How to complete this task
While you copy the lines below, skip the pictures and keep the rest exact.

Dataset section
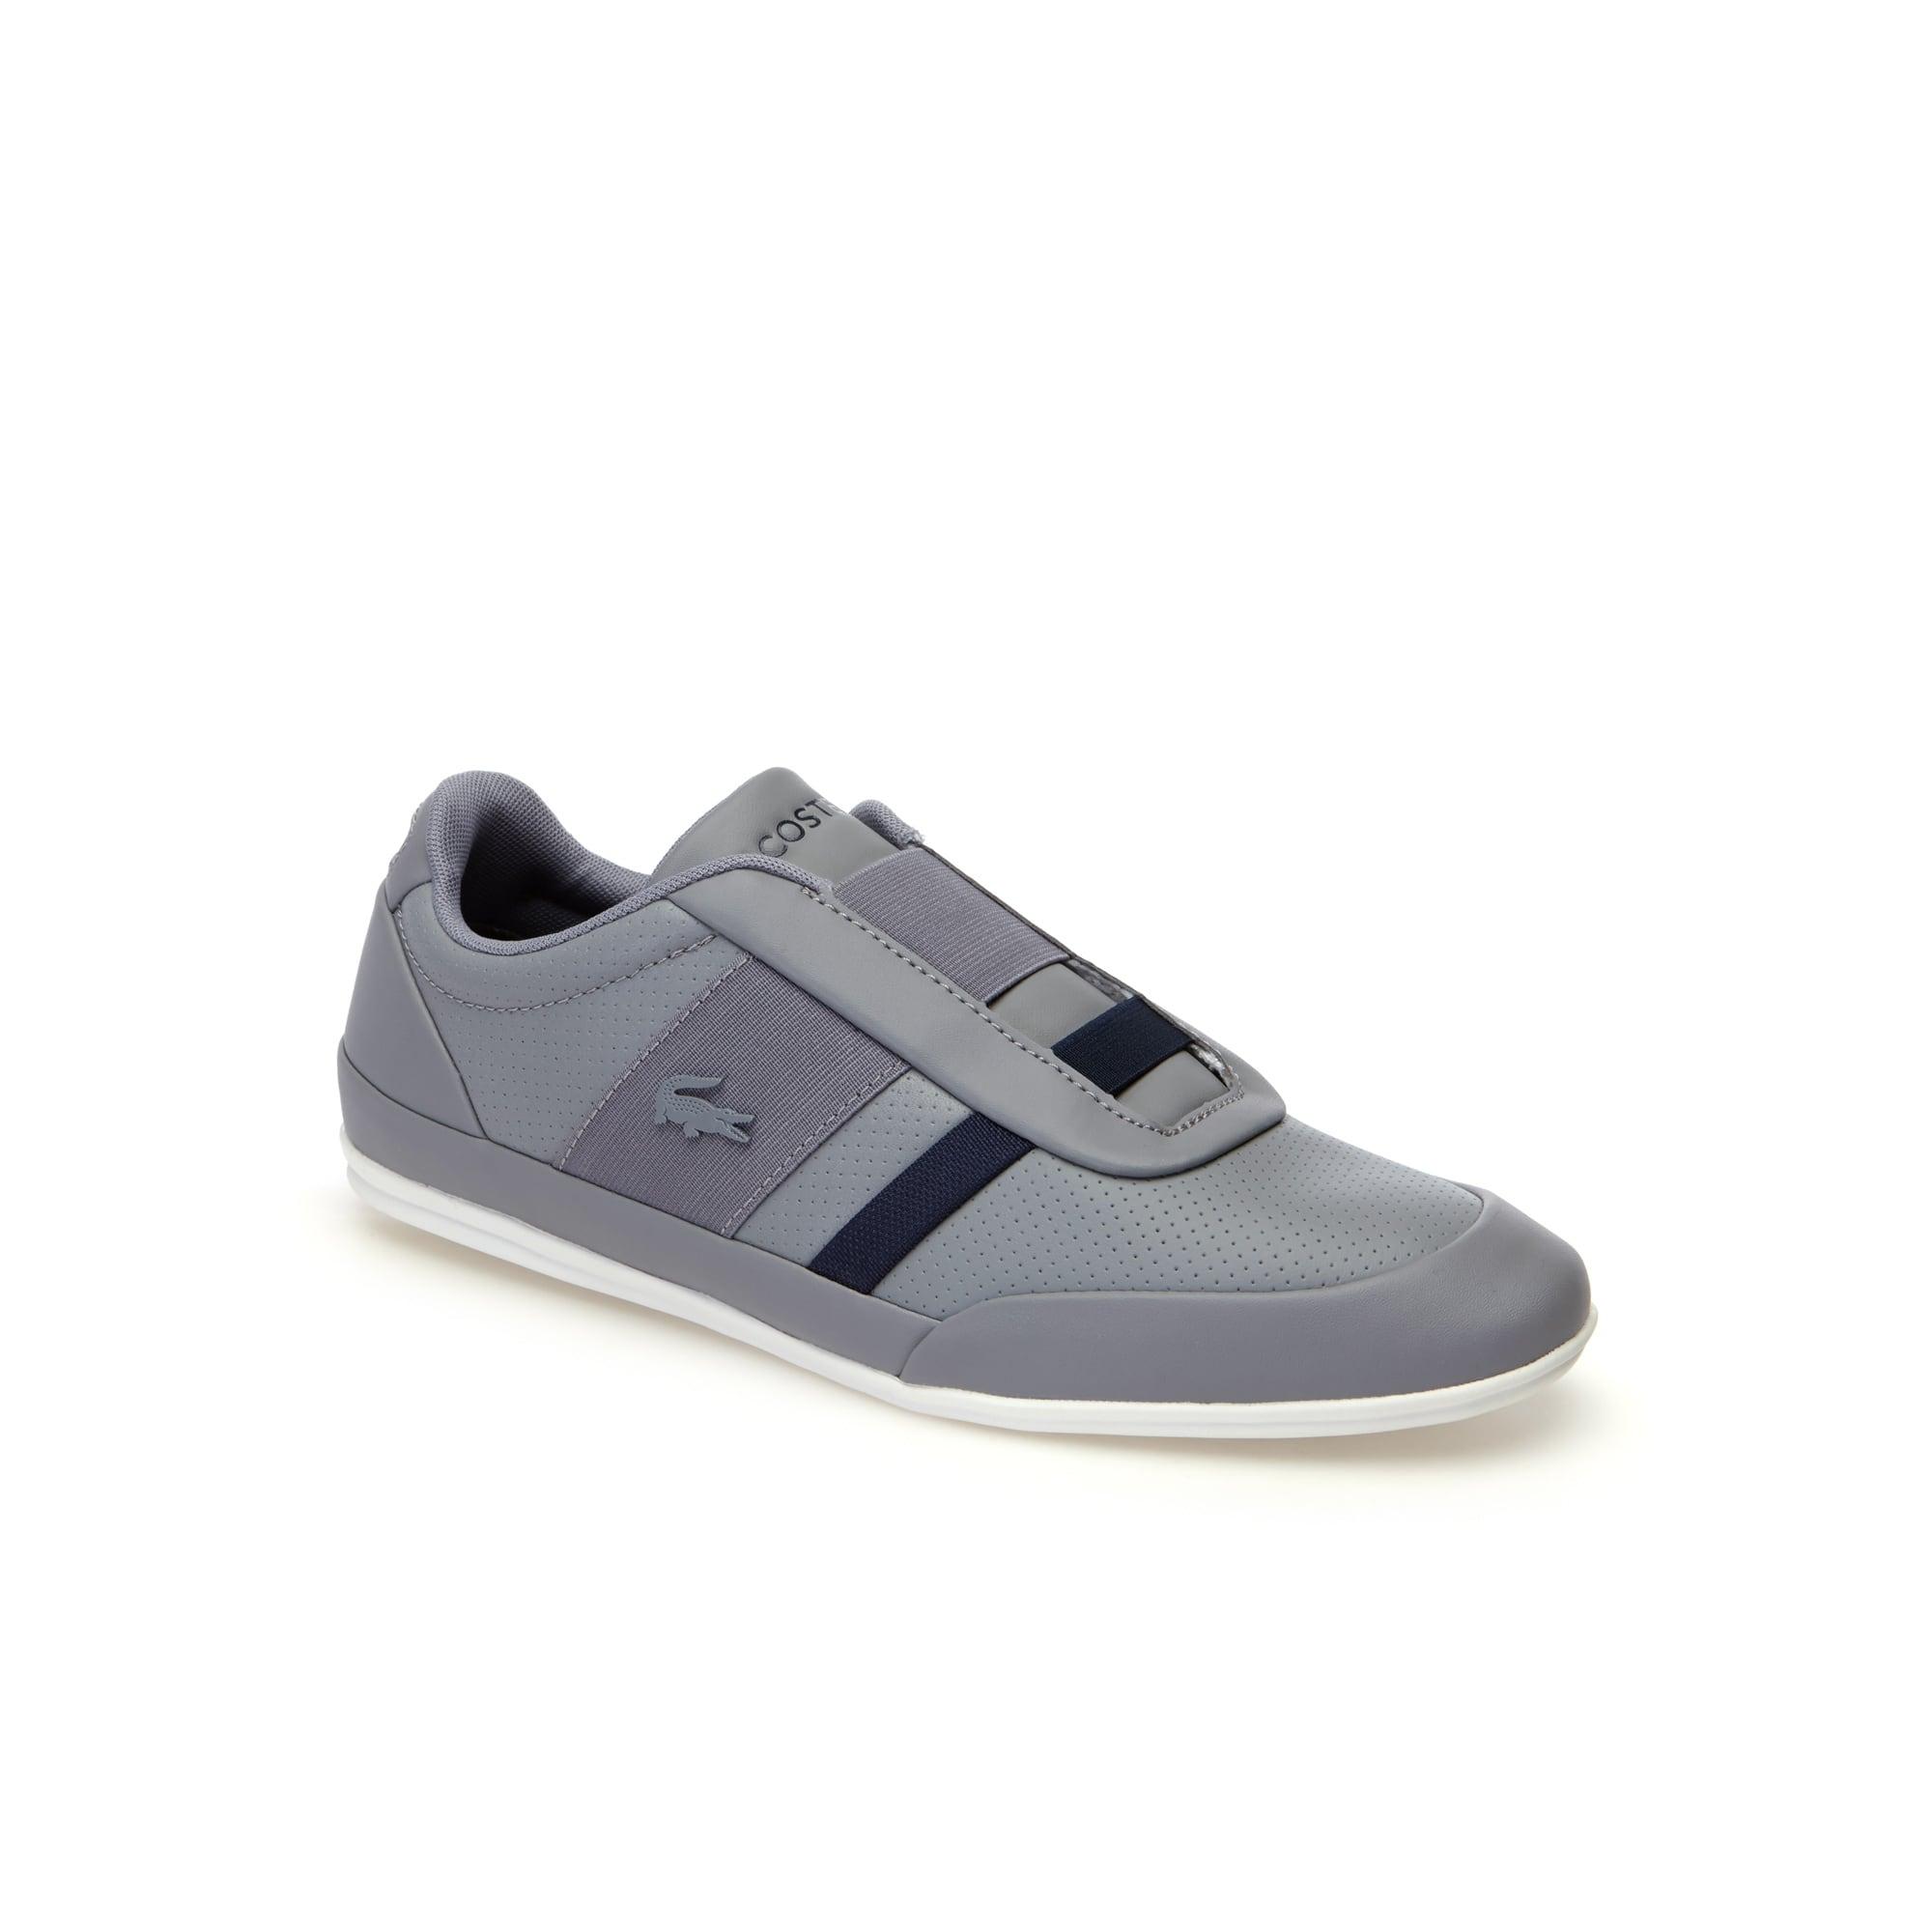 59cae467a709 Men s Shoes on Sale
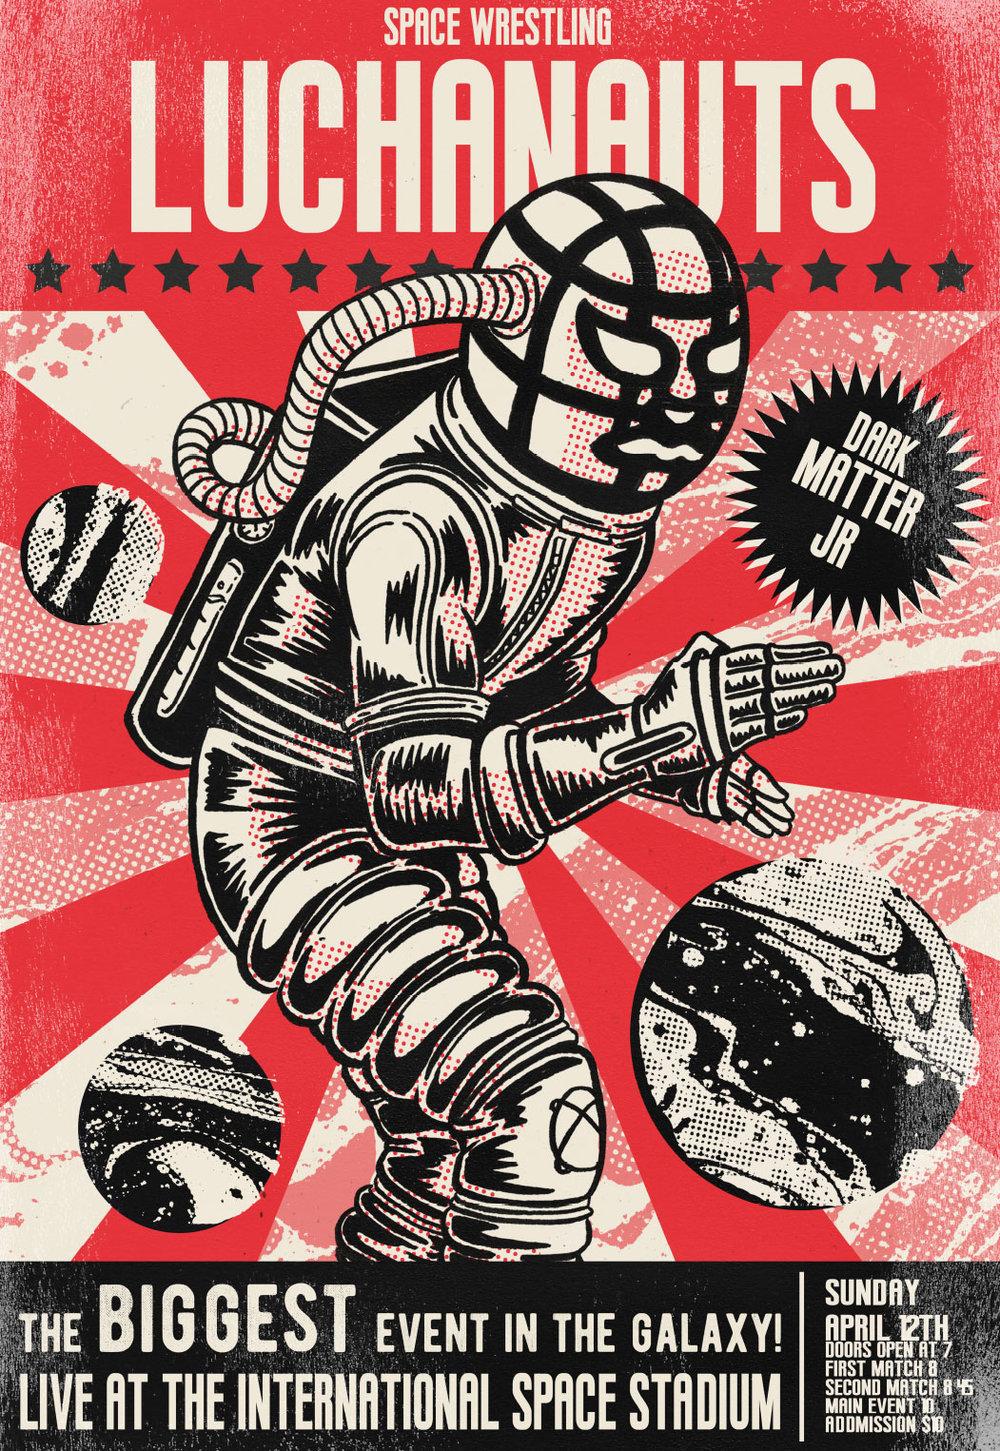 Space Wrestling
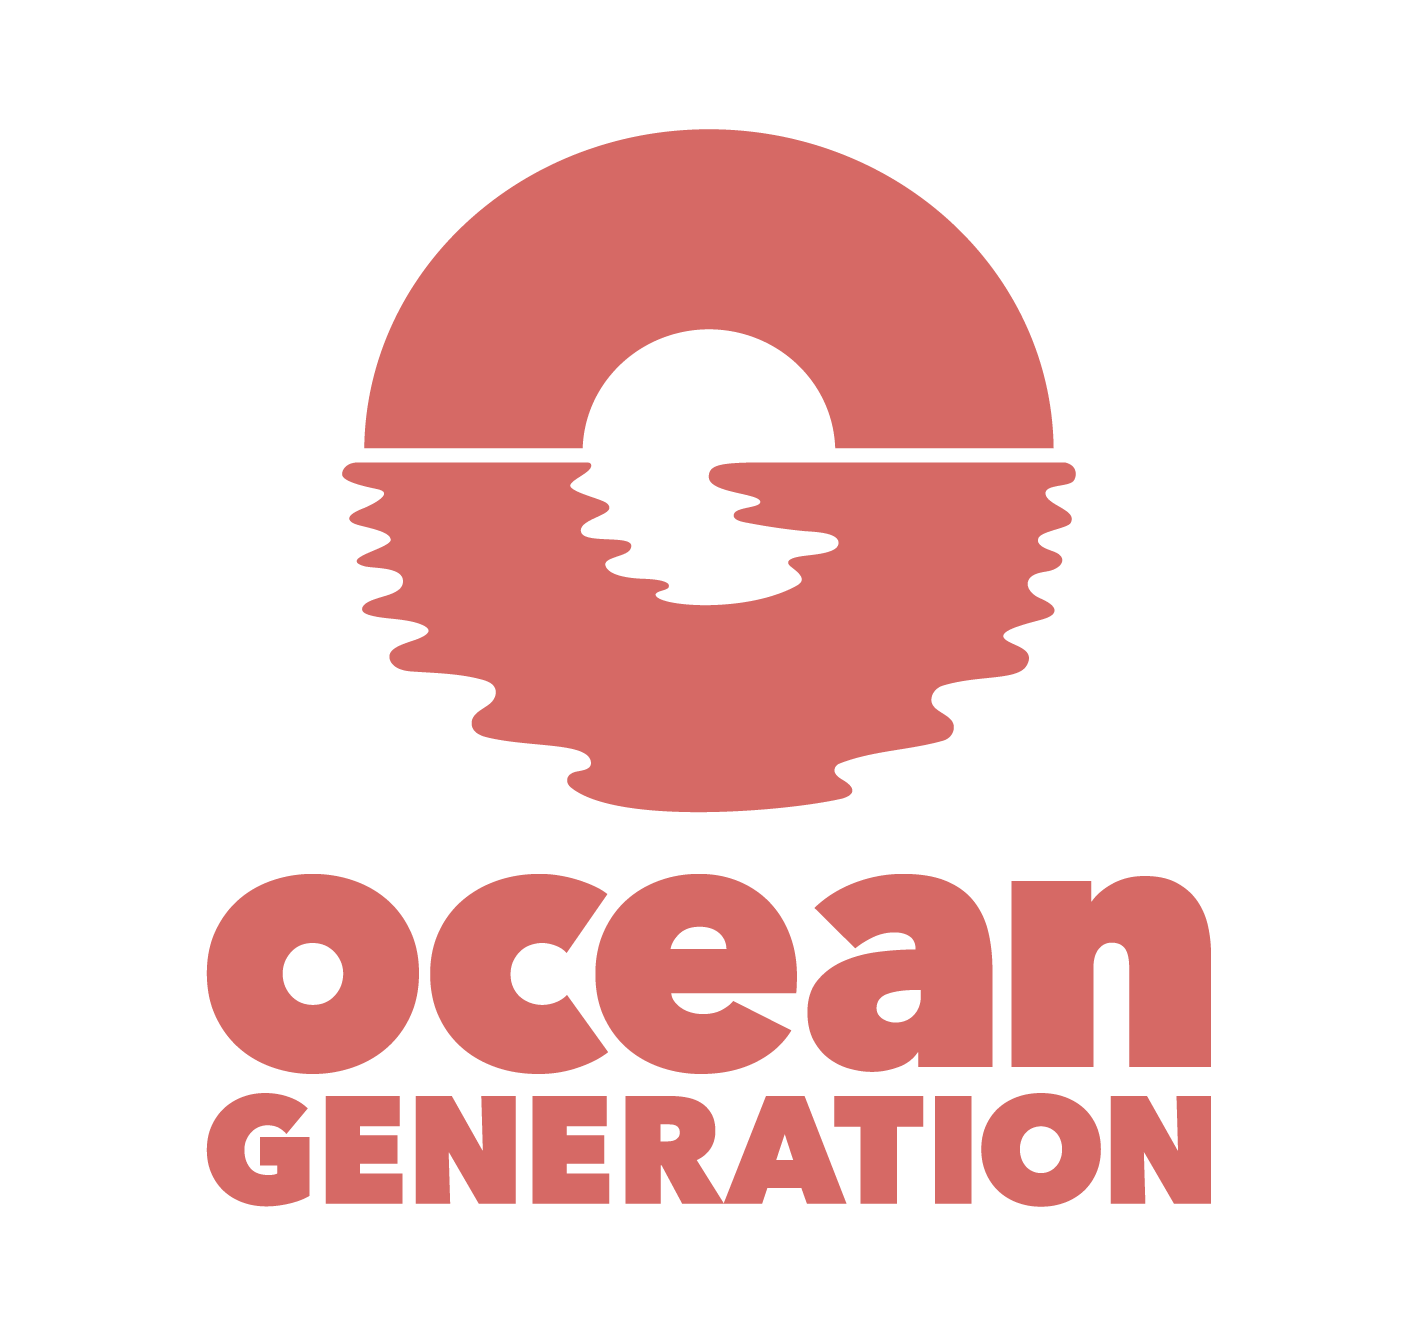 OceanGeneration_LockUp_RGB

Answer to the exercise
 59cae467a709 Men s Shoes on Sale
 Space Wrestling
 OceanGeneration_LockUp_RGB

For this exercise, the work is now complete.